Po meczu Stomil Olsztyn - Podbeskidzie Bielsko-Biała rozmawialiśmy z pomocnikiem olsztyńskiego klubu Piotrem Głowackim.
Fantastycznie przypomniałeś się olsztyńskiej publiczności po rocznej przerwie na grę w Stali Mielec. Wyszedłeś w pierwszym składzie i strzeliłeś bramkę otwierająca wynik.
- Bardzo się cieszę. Oczywiście najważniejsze jest to, że w końcu zdobywamy trzy punkty i to chyba w niezłym stylu. Po tych pierwszych dwóch spotkaniach byliśmy w delikatnym dołku, ale trener cały czas powtarzał, żebyśmy pracowali i wierzyli w to, że karta w końcu się odwróci. Odwróciła się. Oczywiście cieszę się również z tego, że, w tak naprawdę moim pierwszym meczu w sezonie i to jeszcze u siebie, strzeliłem bramkę i czekam na kolejne.

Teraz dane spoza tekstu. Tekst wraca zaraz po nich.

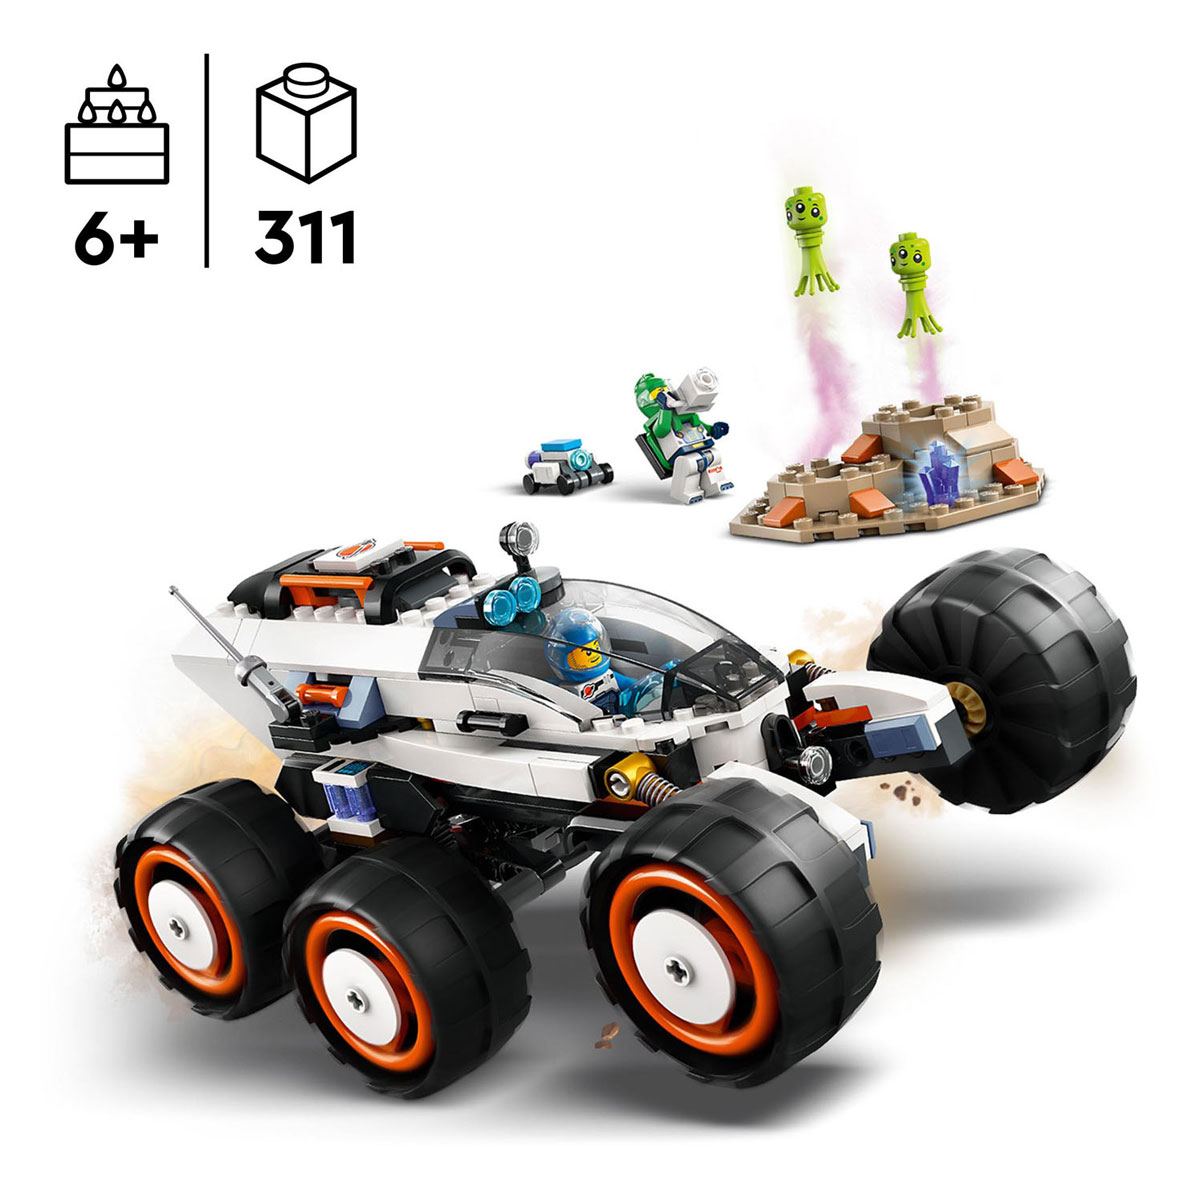 LEGO City 60431 Weltraumforscher und außerirdisches Leben
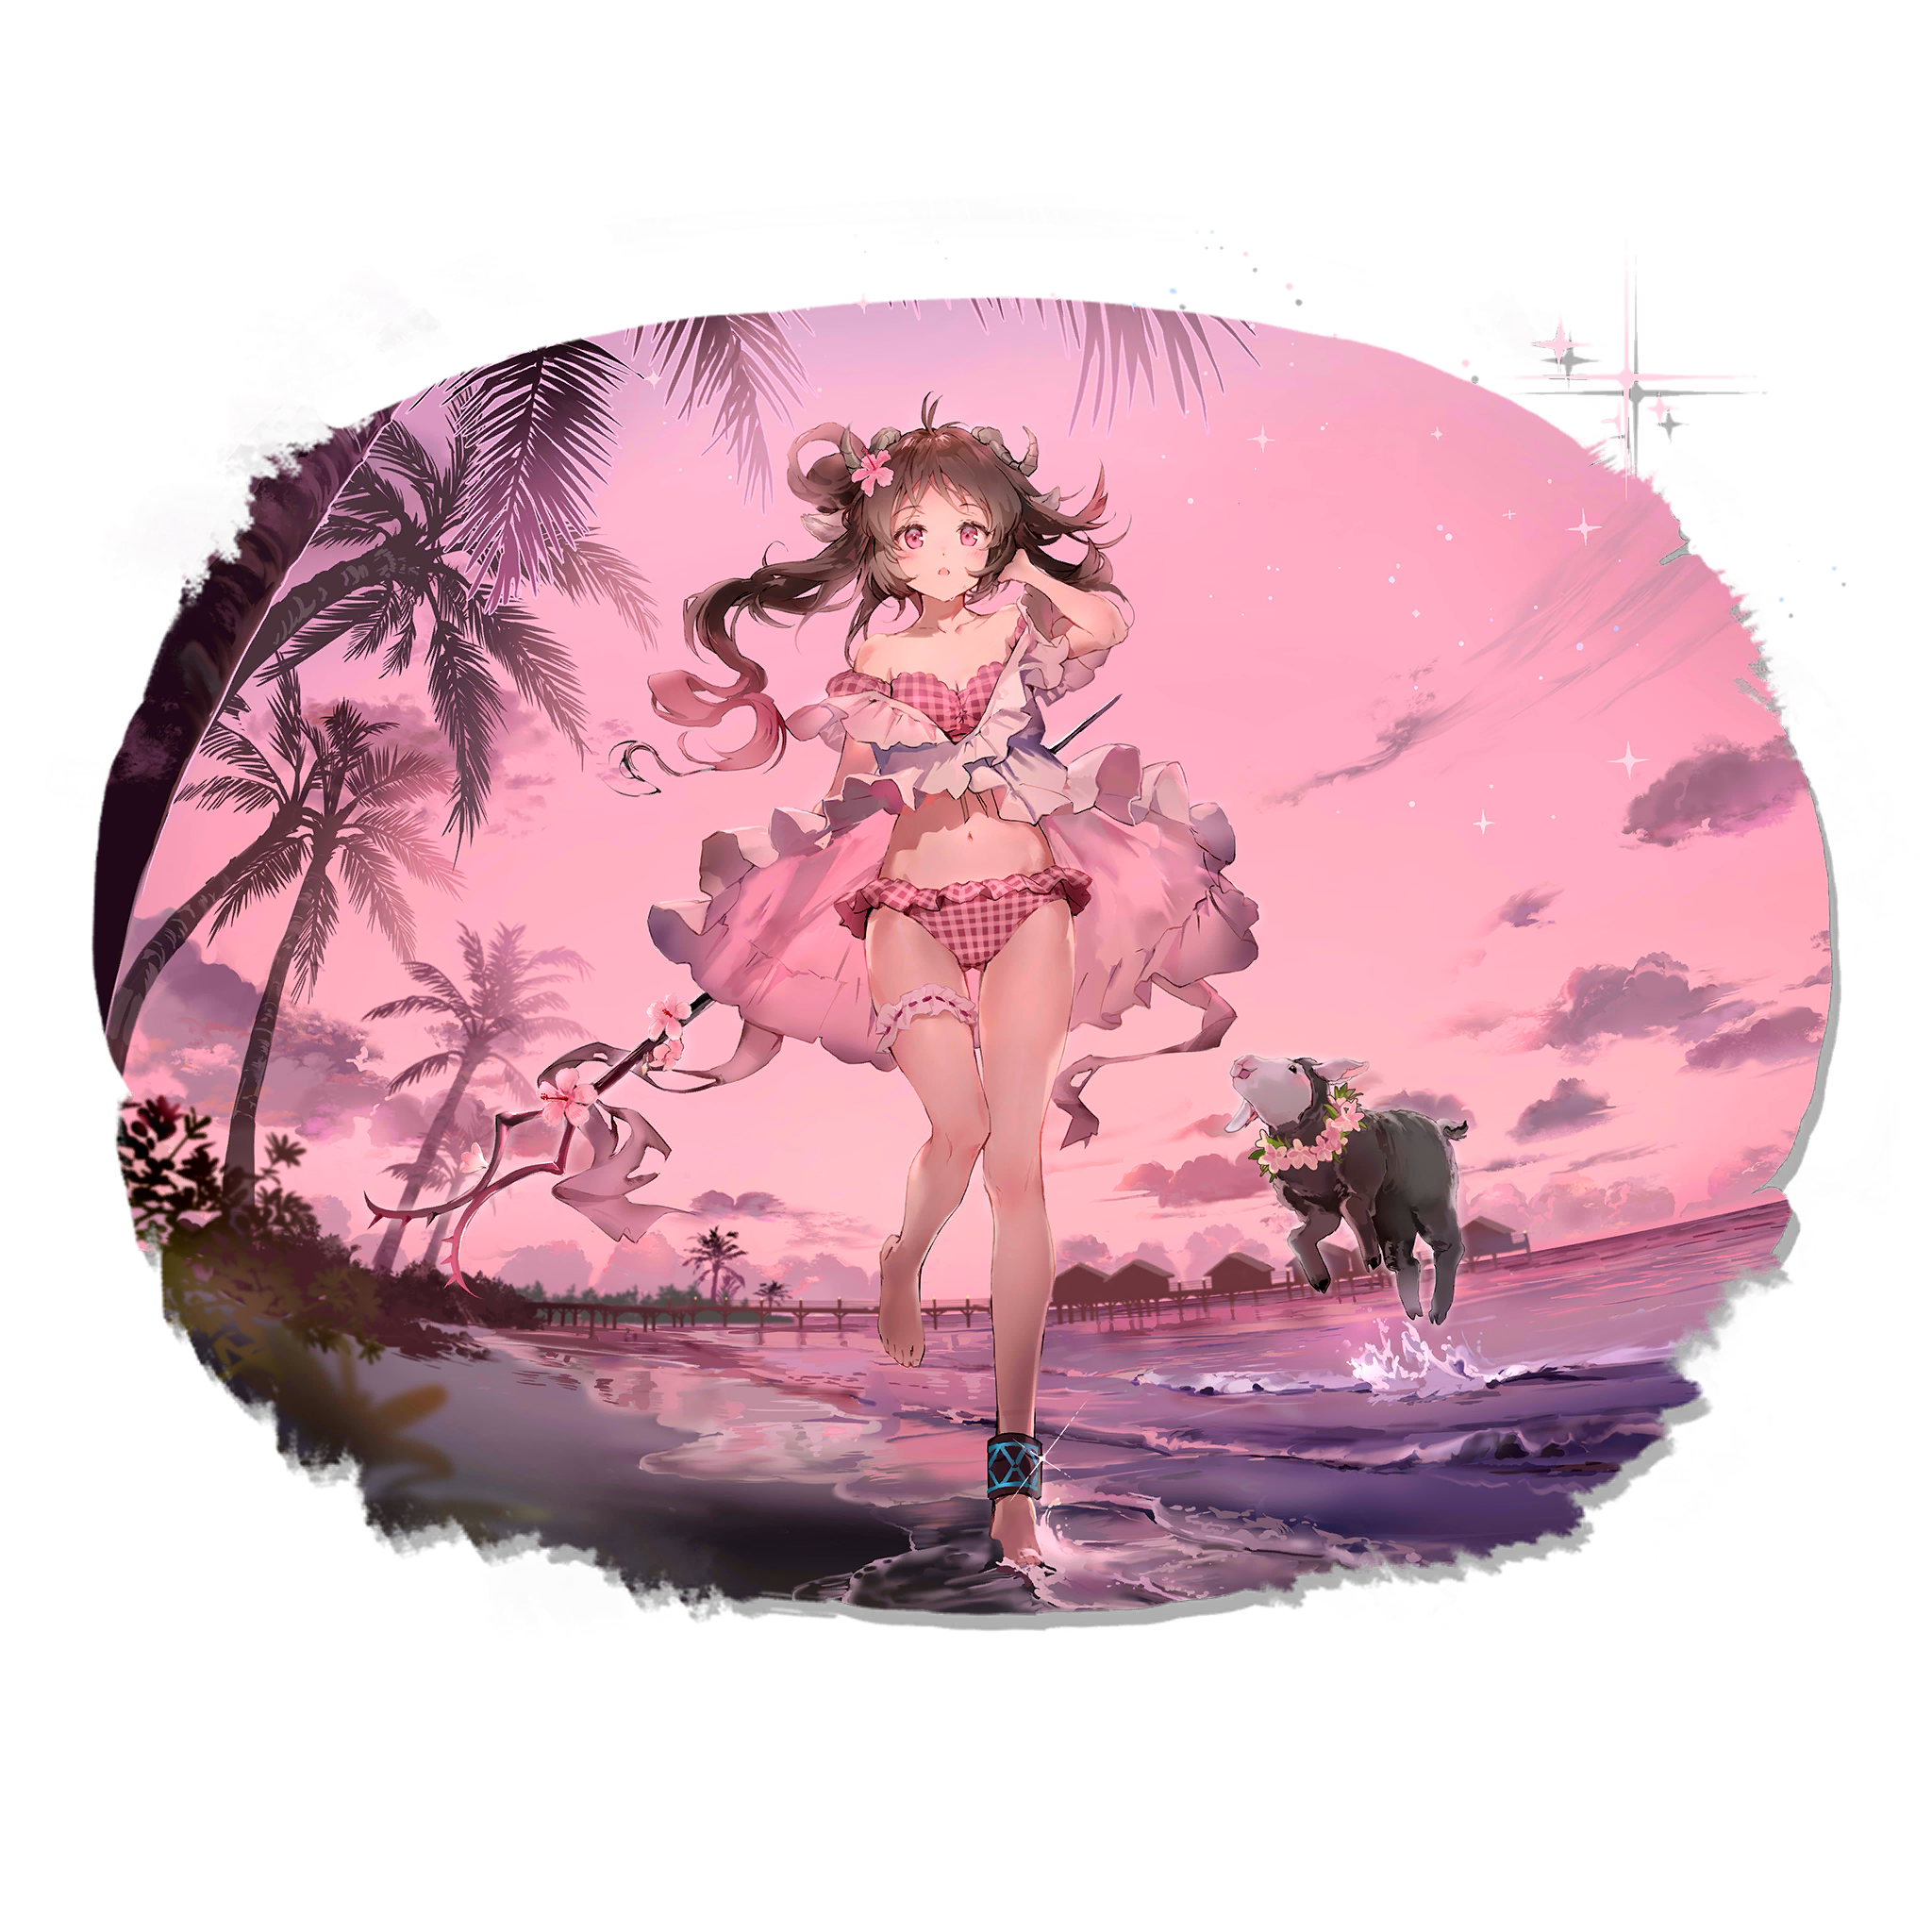 Anime 2048x2048 Arknights anime anime girls bra panties pink eyes brunette flower in hair horns dress open dress

Artur Siemaszko miał kilka minut wcześniej podobną sytuację, strzelał po krótkim rogu i nie udało mu się trafić. Specjalnie strzelałeś po długim rogu, licząc, że tym razem wejdzie?
- (śmiech) Piłka nożna jest dlatego tak pięknym sportem, że nie każdy strzał zamienia się na bramkę. Byłoby to nudne. Artur uderzył i piłka nie wpadła, ja zaraz uderzyłem i wylądowała w sieci. Staram się na treningach ćwiczyć te uderzenia po długim rogu. Wpadło i możemy się z tego cieszyć.
Przed tym meczem ciążyło na was chyba duże ciśnienie? Nie ma co ukrywać, dwa pierwsze spotkania zagraliście w fatalnym stylu.
- Tak, trzeba to przyznać, że w fatalnym. Przede wszystkim trzeba było odblokować głowy. Trener w tym tygodniu specjalnie zrobił takie sesje treningowe żeby nas jeszcze bardziej zintegrować, żebyśmy trochę zapomnieli o tych pierwszych meczach. Wyciągnęliśmy z nich wnioski, przede wszystkim z tego, że traciliśmy głupie bramki ze stałych fragmentów gry, a to najbardziej nas bolało. W pierwszym meczu dwie, w drugim jedną. To są najgłupsze bramki. Staraliśmy się wyzbyć tego w meczu z Podbeskidziem. Dostaliśmy troszkę przypadkowa bramkę, ale nic, teraz nami mecz z Ruchem Chorzów i jedziemy tam zdobyć trzy punkty.